## DATA BLOCK
━━━

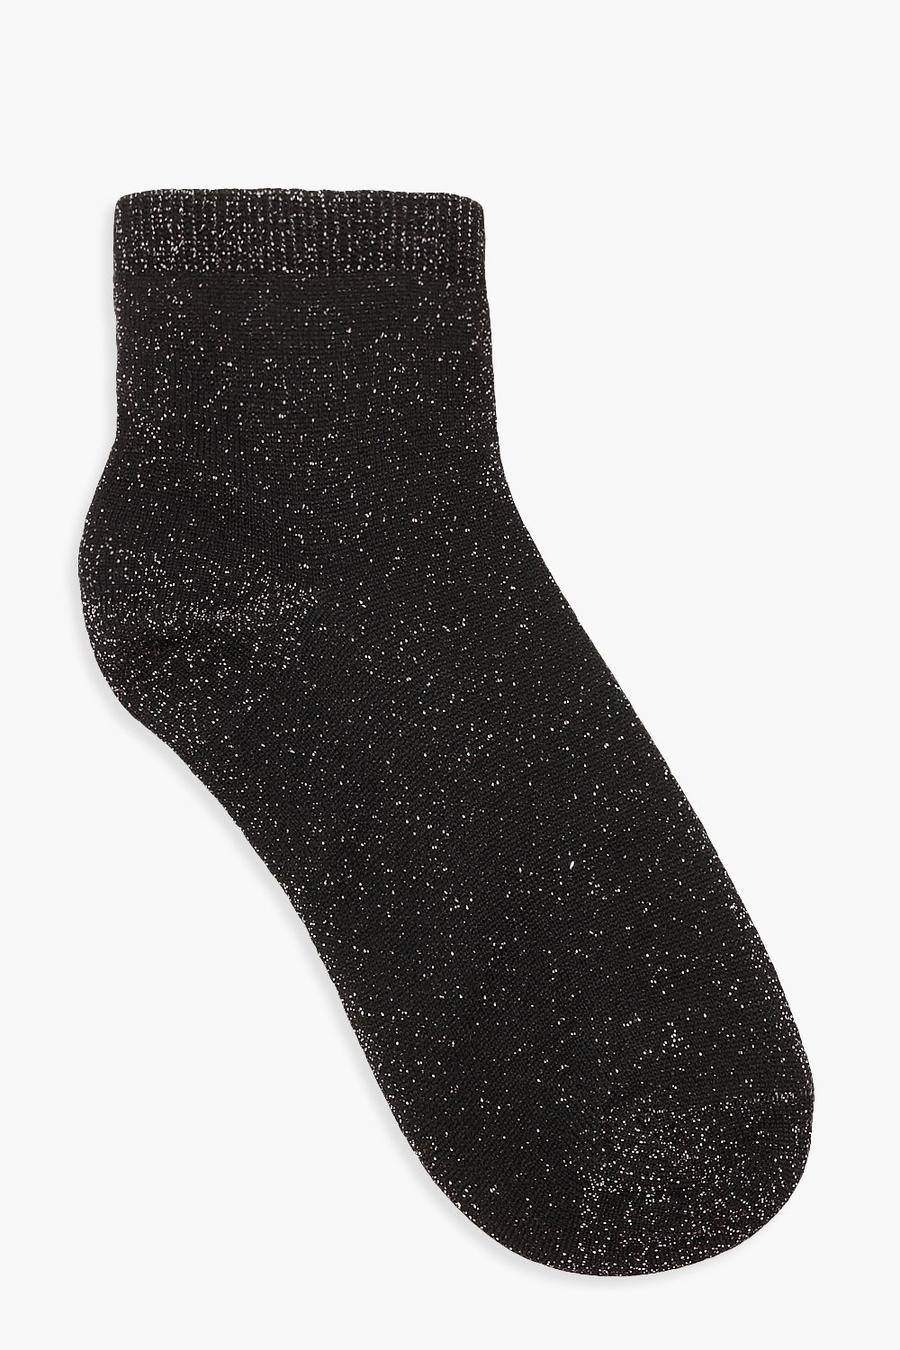 Black Glitter Ankle Socks image number 1
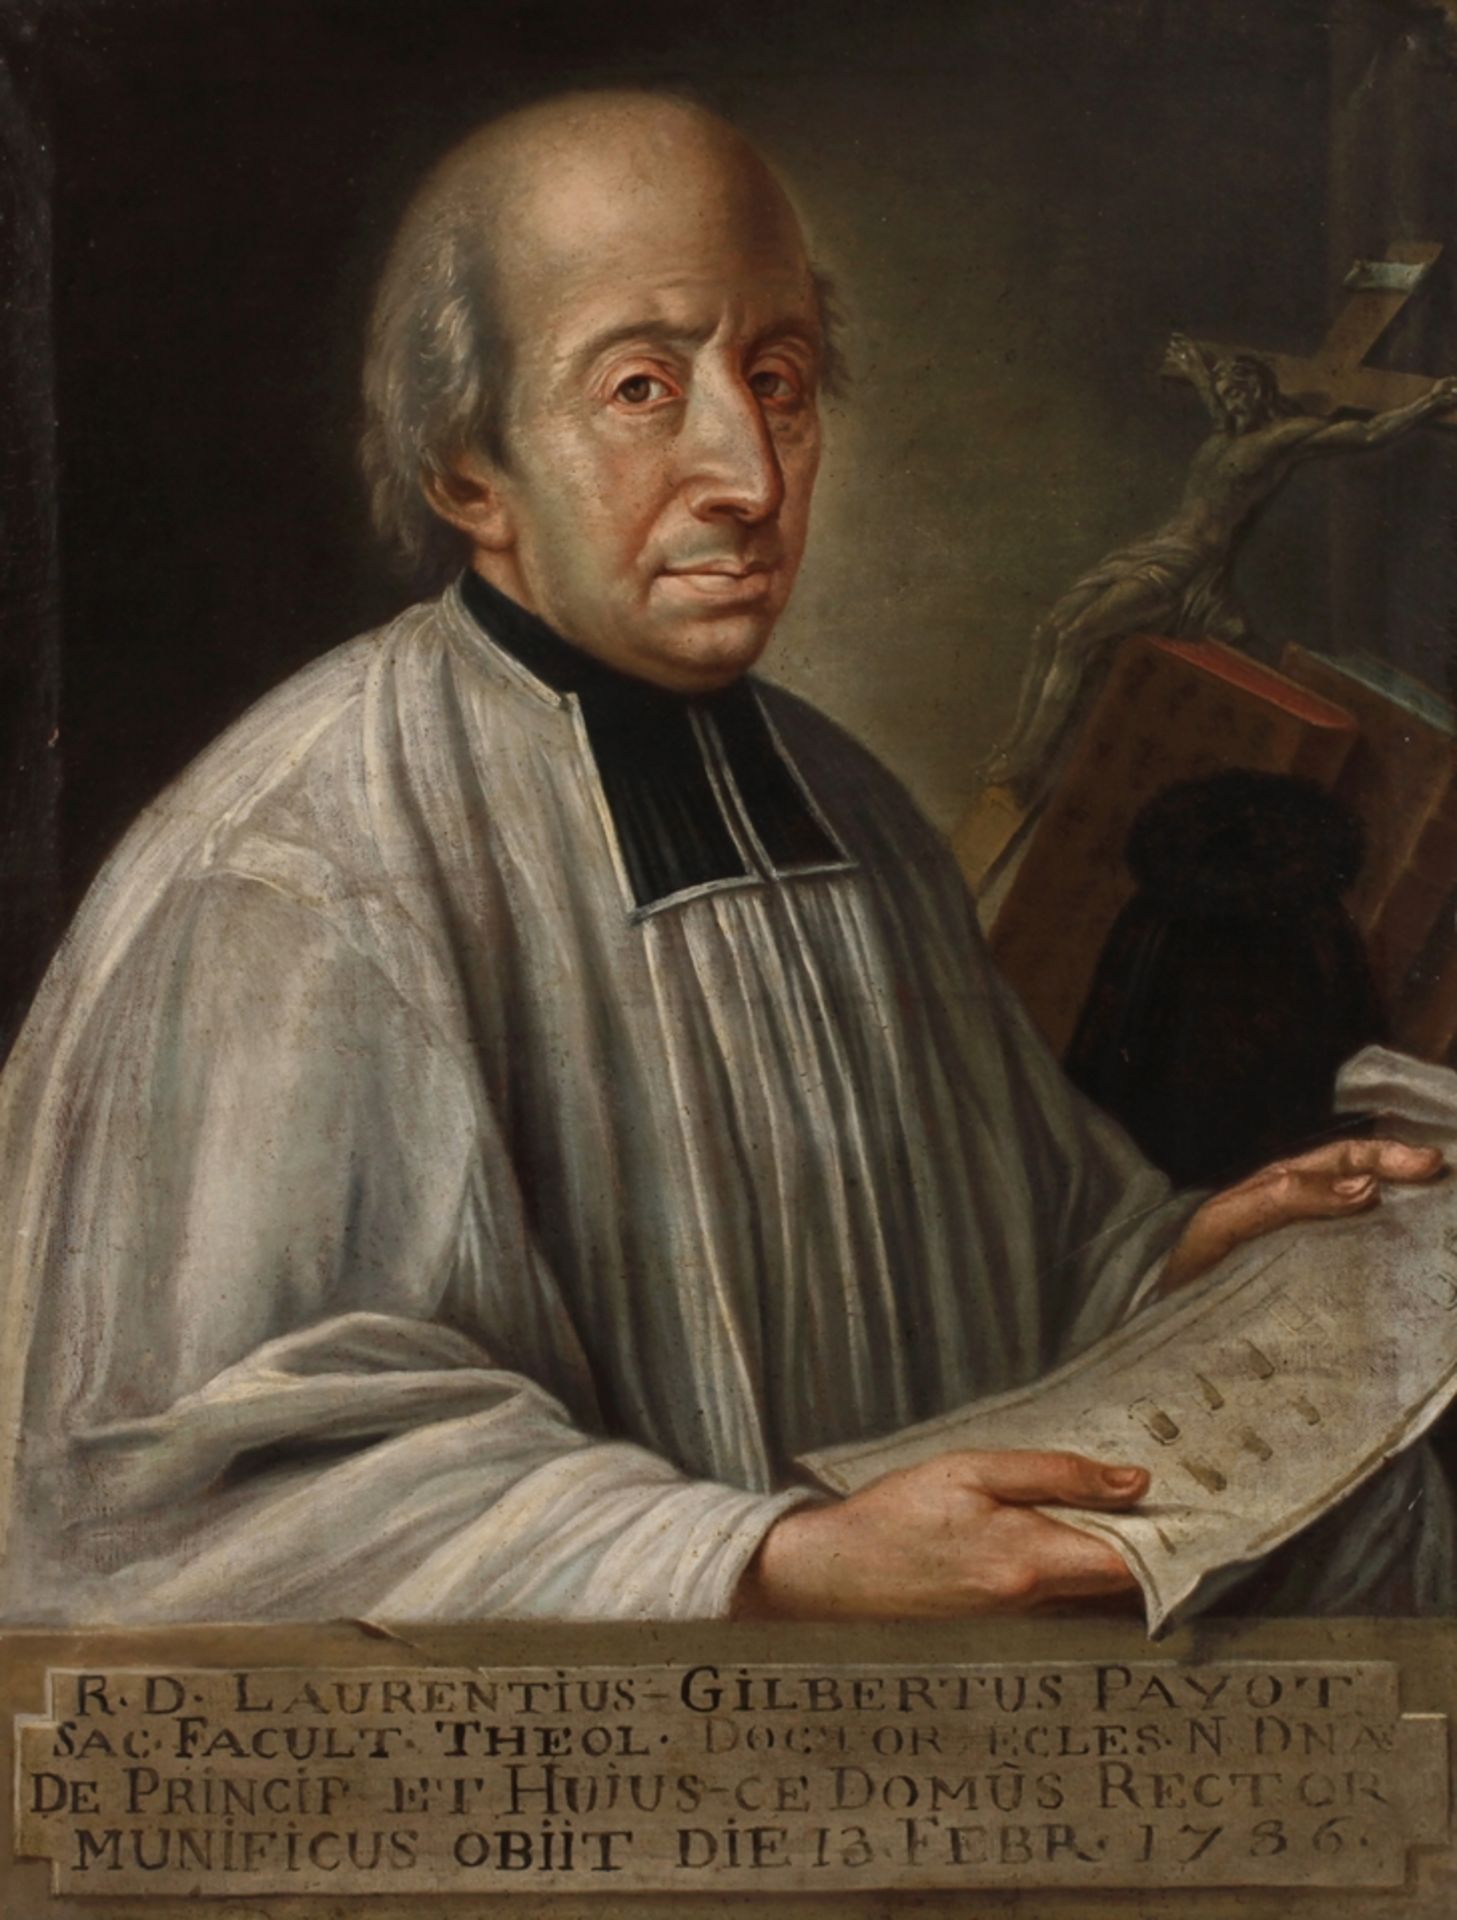 Devotional portrait of Dr. Laurentius Gilbertus Payot
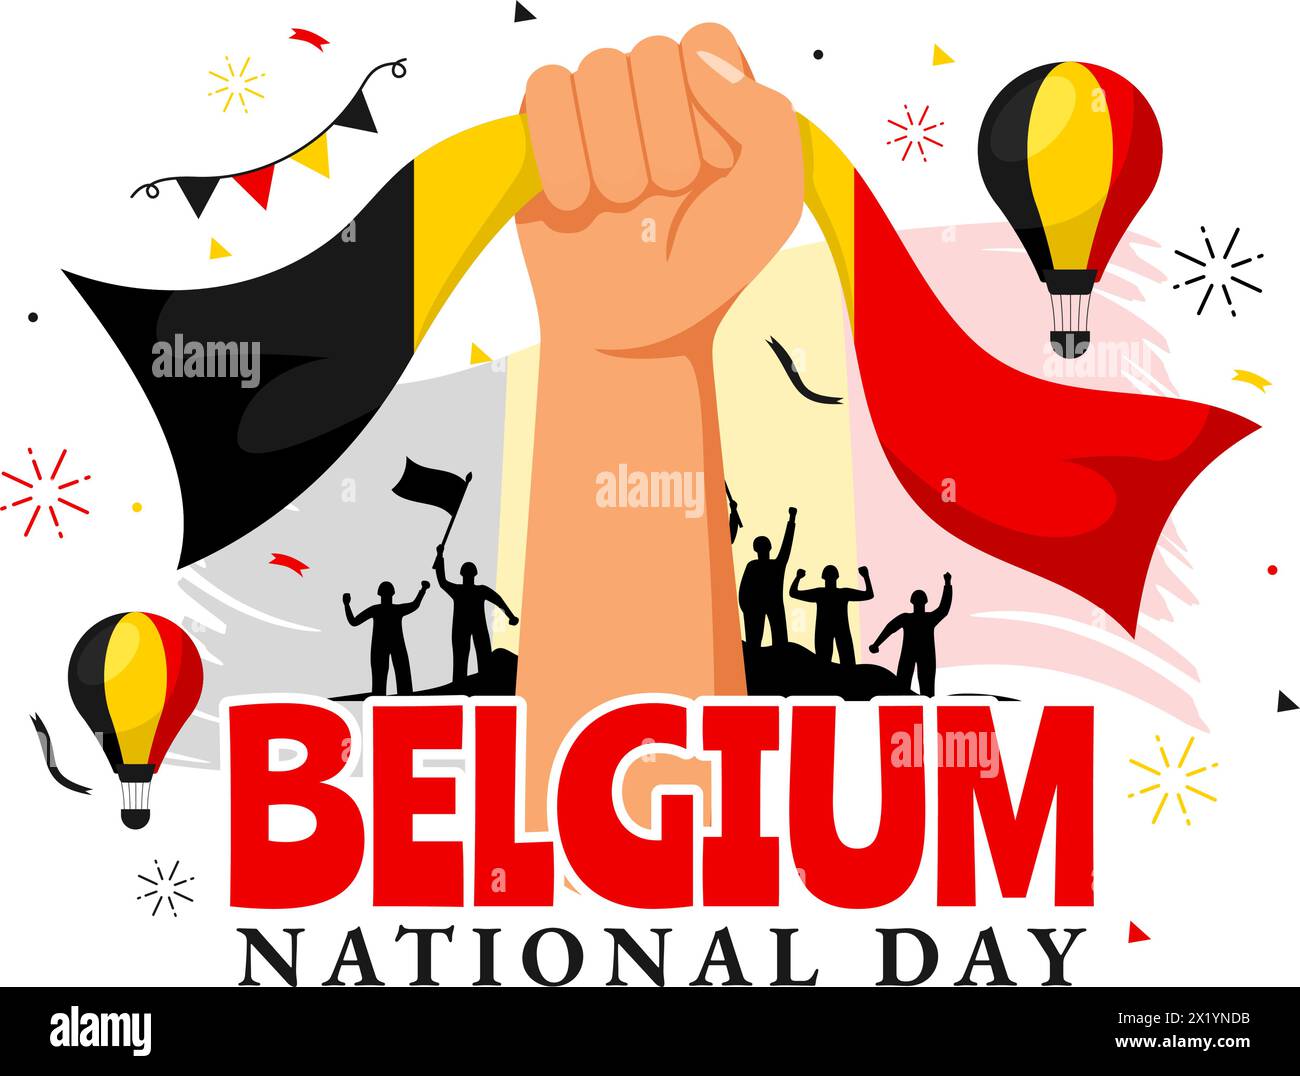 Glückliche Belgien Unabhängigkeitstag Vektor-Illustration am 21. Juli mit wehender Flagge und Band im Nationalfeiertag Flat Cartoon Hintergrund Design Stock Vektor

━━━

## WORK ITEM
From the first line to the last, retype the data exactly, but omit every image.

## YOUR SOLUTION
 Black Glitter Ankle Socks image number 1
 Devotional portrait of Dr. Laurentius Gilbertus Payot
 Glückliche Belgien Unabhängigkeitstag Vektor-Illustration am 21. Juli mit wehender Flagge und Band im Nationalfeiertag Flat Cartoon Hintergrund Design Stock Vektor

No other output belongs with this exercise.